* **WHAT NEEDS TO BE DONE**:
Word for word, transcribe the listing that follows, minus any pictures.

* **PROVIDED DATA**:
== Segment start ==

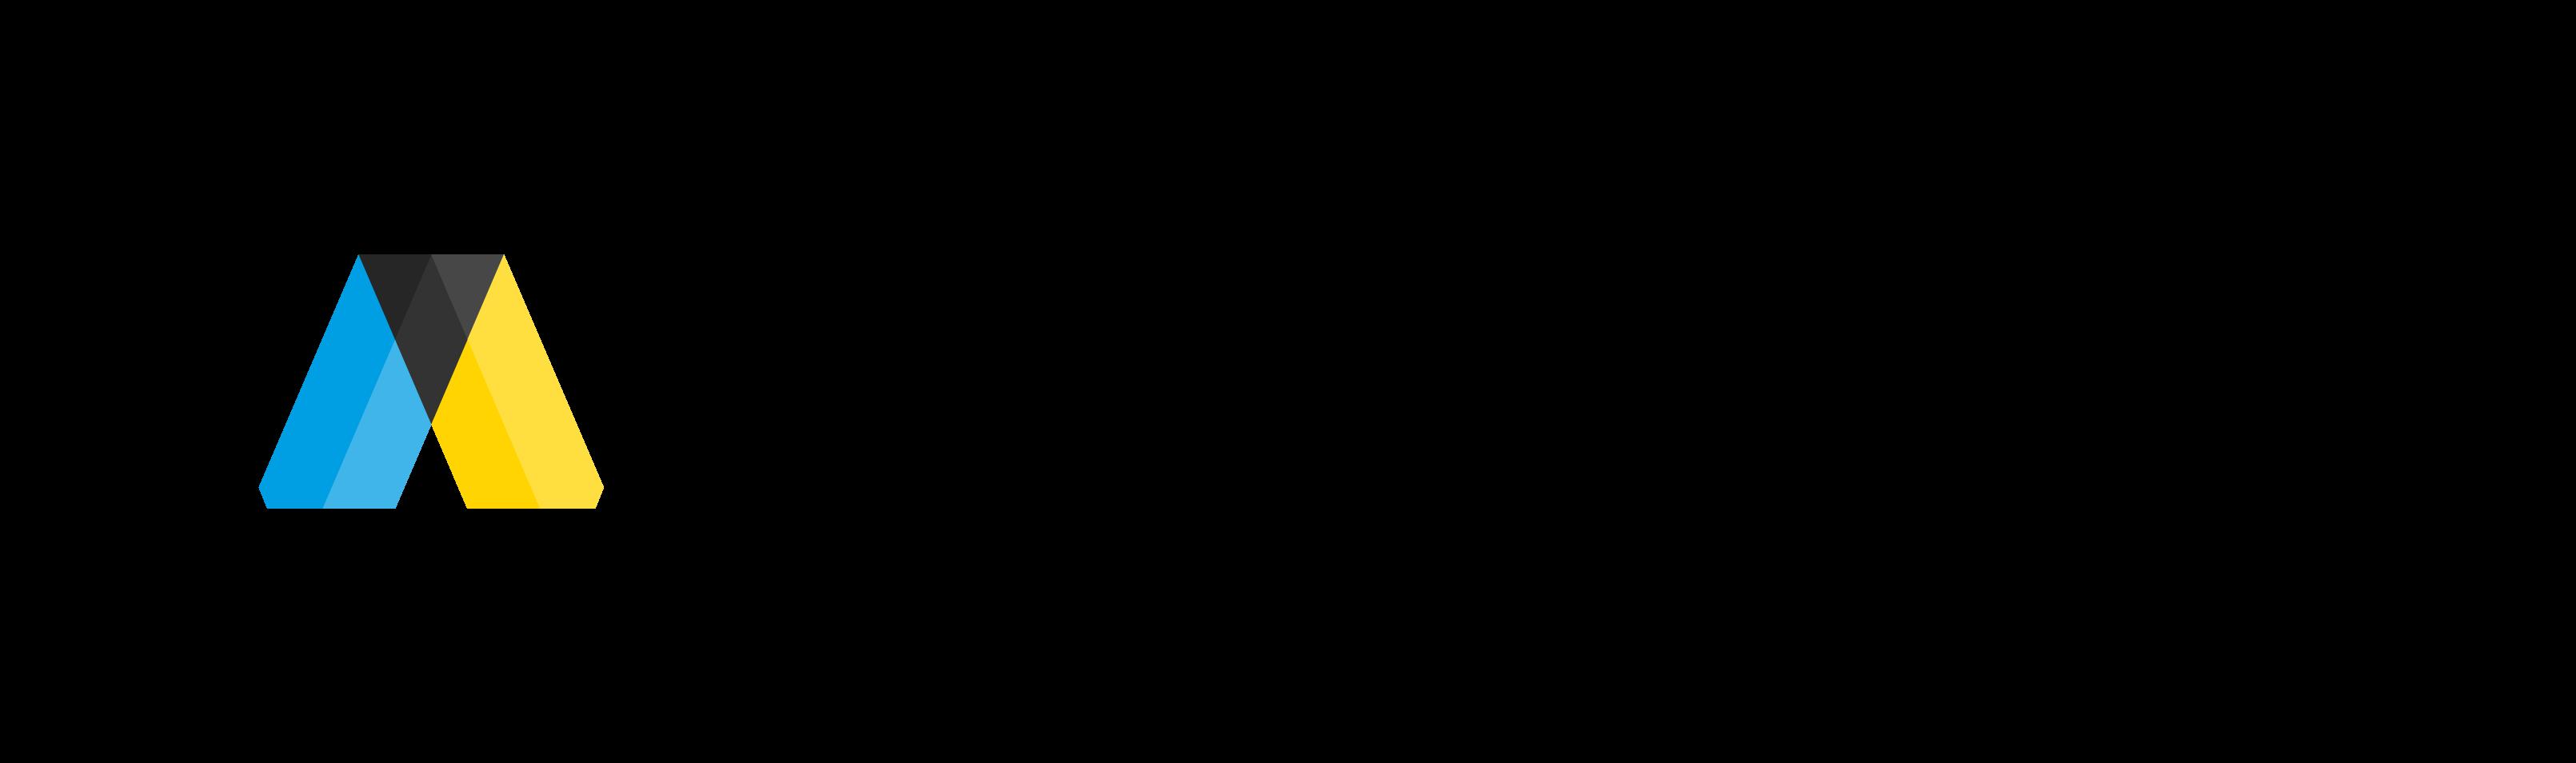 Bildergebnis für fotos vom logo der aachener zeitungen
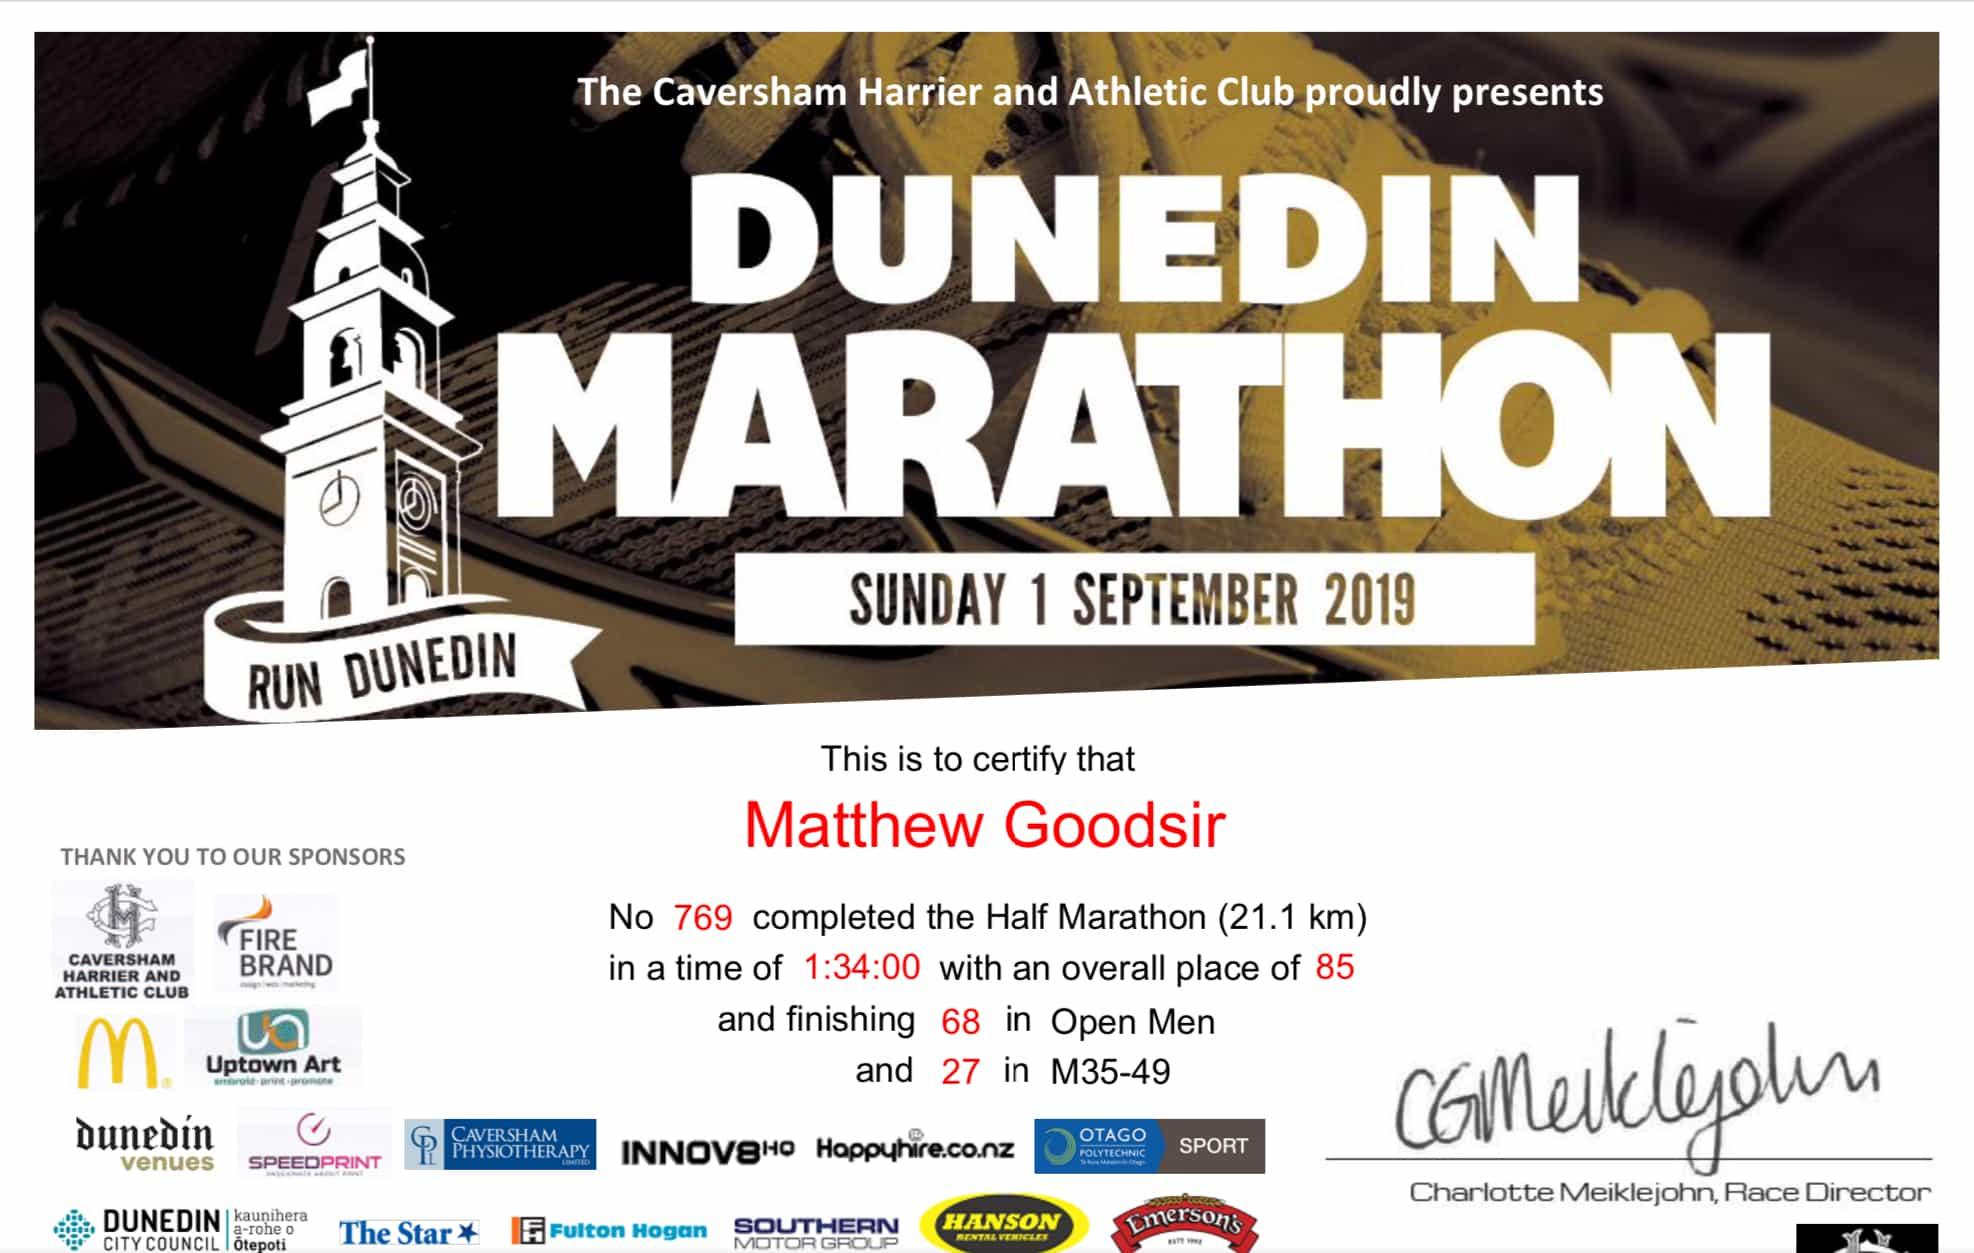 Dunedin 12 Marathon
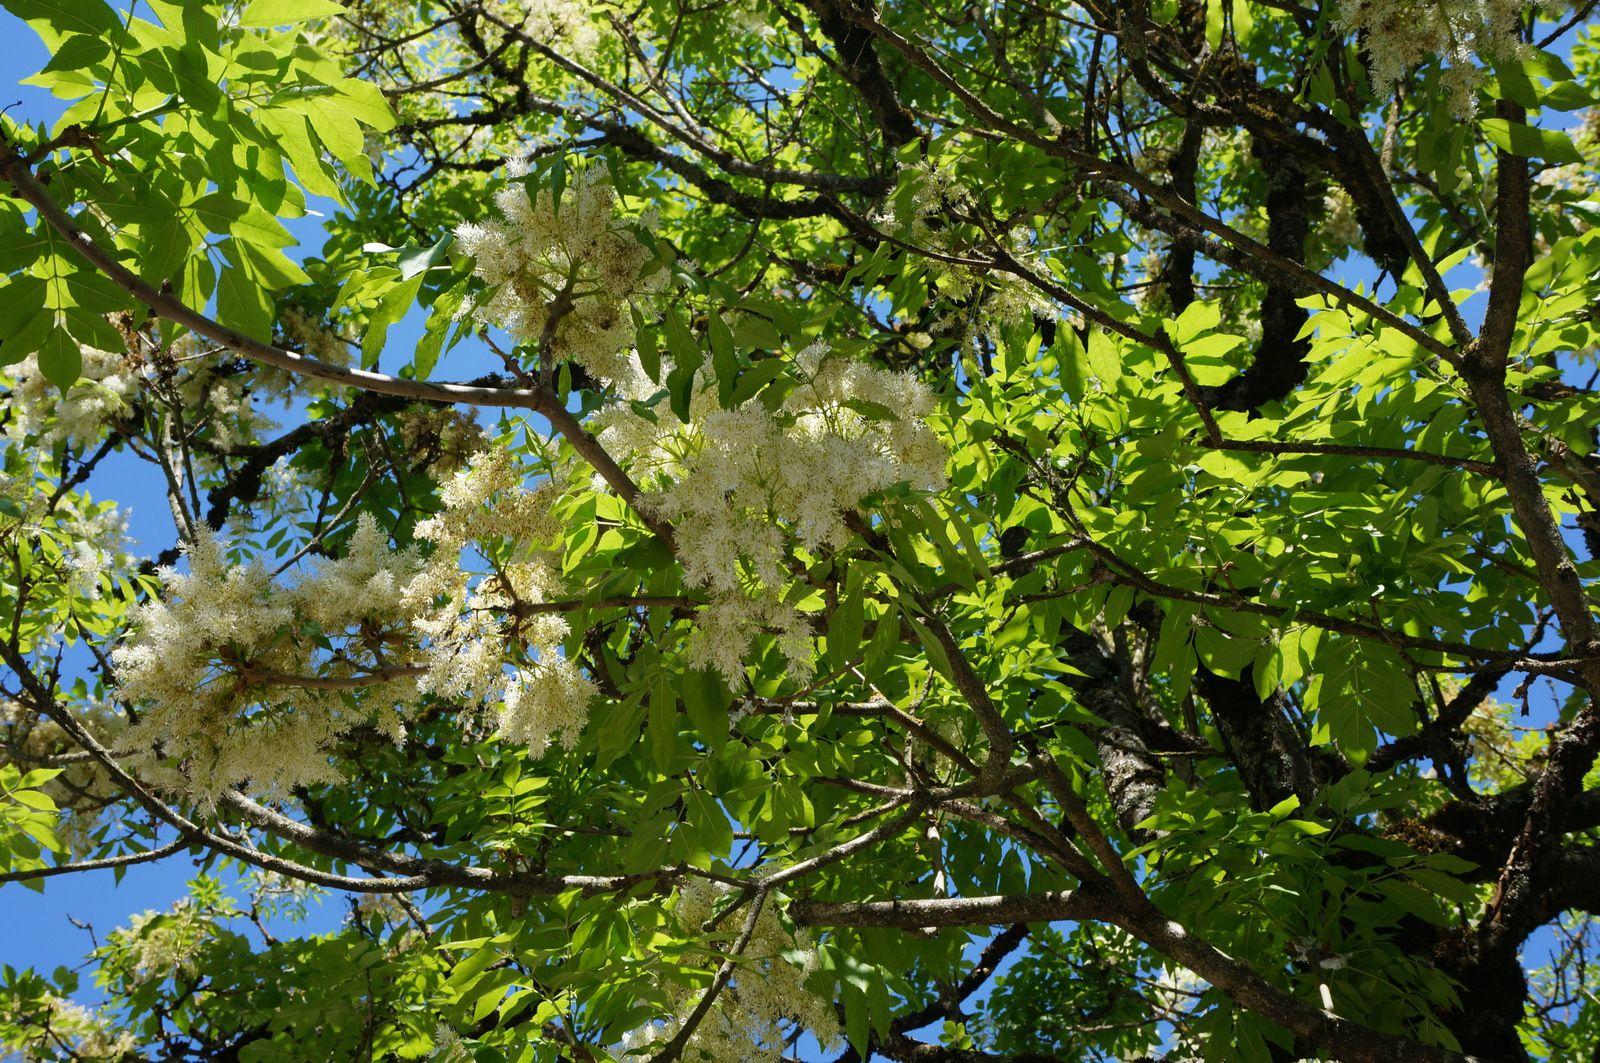 les 5 premières photos ont été prises aux Groues au mois d'avril lorsque la végétation était très colorée.Les deux dernières photos montrent les arbres de la Place de l'immobilière. C'est la première fois que nous prenons les Frênes à fleurs avec leurs houppes fleuries.
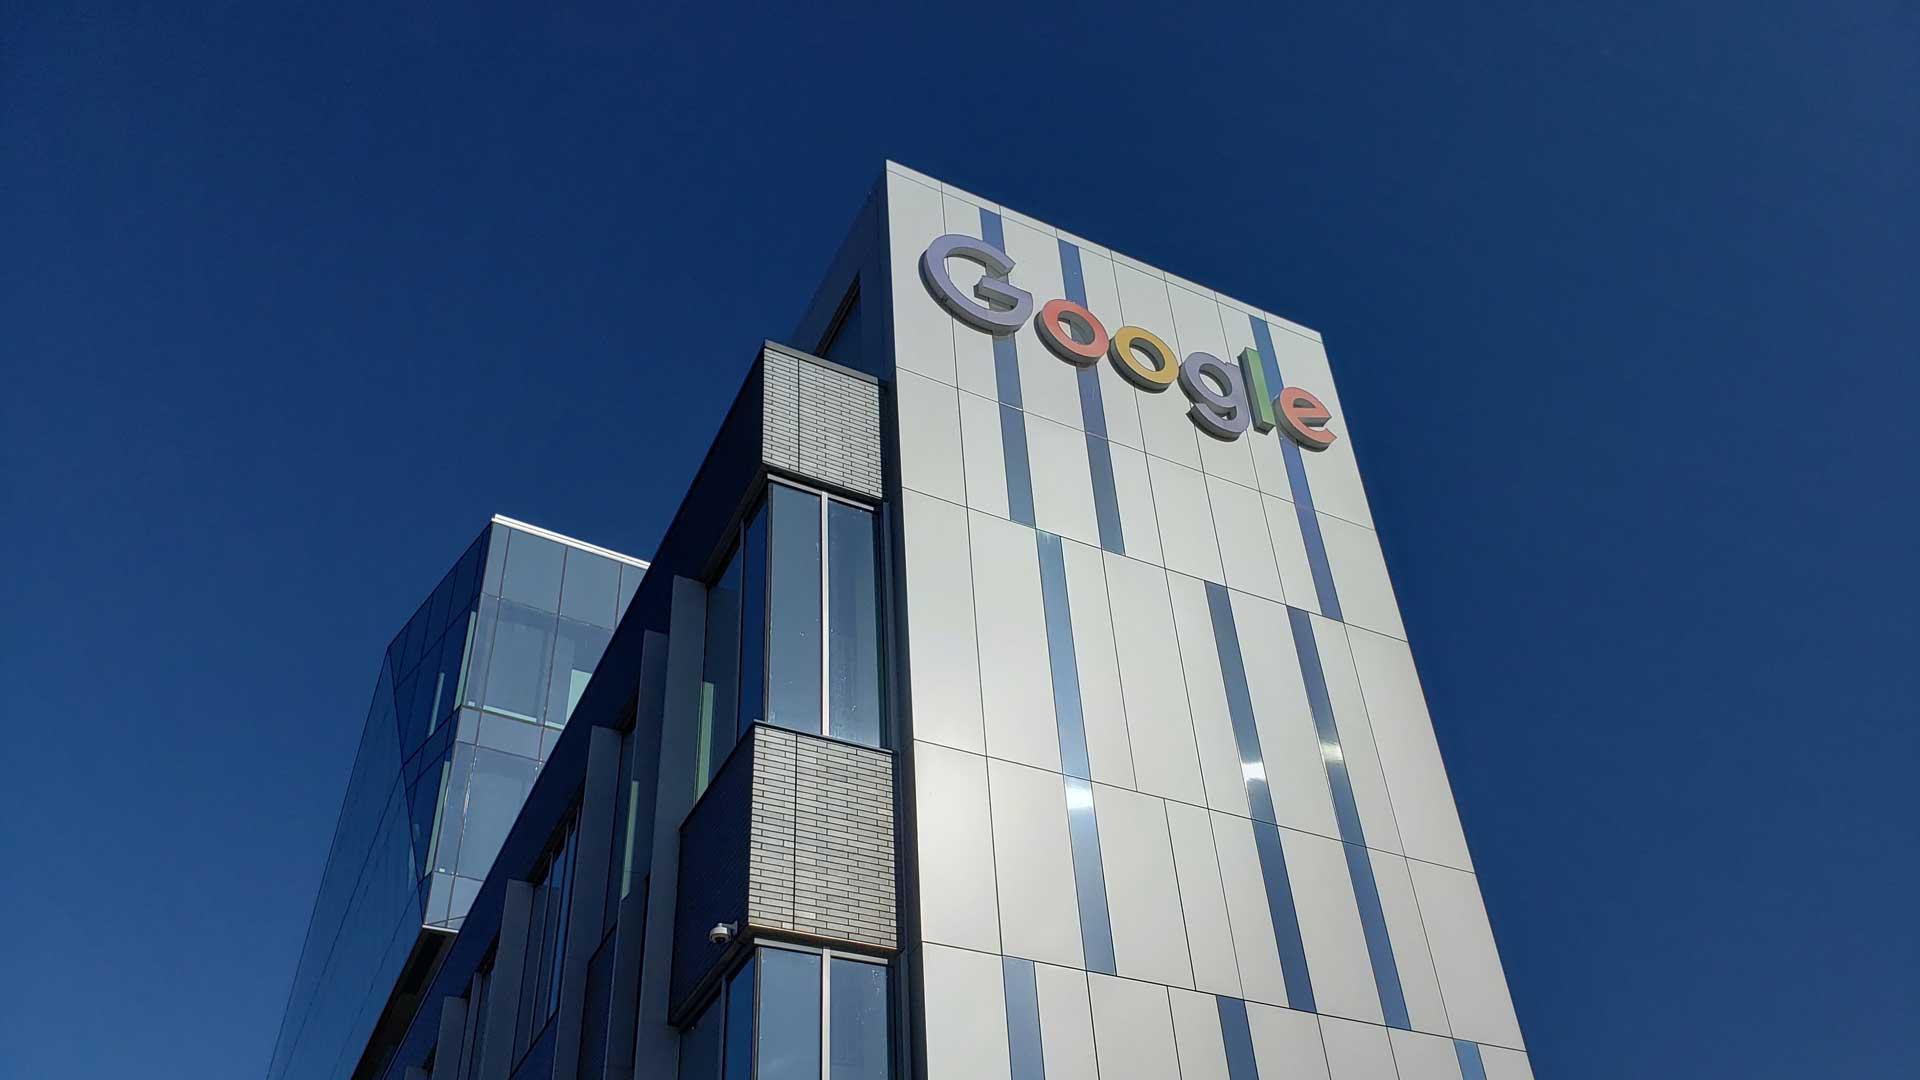 rientro-in-ufficio-Google-richiama-i-dipendenti-Level-Office-Landscape

== Segment end ==

* **ANSWER TO THIS EXERCISE**:
 Bildergebnis für fotos vom logo der aachener zeitungen
 Dunedin 12 Marathon
 les 5 premières photos ont été prises aux Groues au mois d'avril lorsque la végétation était très colorée.Les deux dernières photos montrent les arbres de la Place de l'immobilière. C'est la première fois que nous prenons les Frênes à fleurs avec leurs houppes fleuries.
 rientro-in-ufficio-Google-richiama-i-dipendenti-Level-Office-Landscape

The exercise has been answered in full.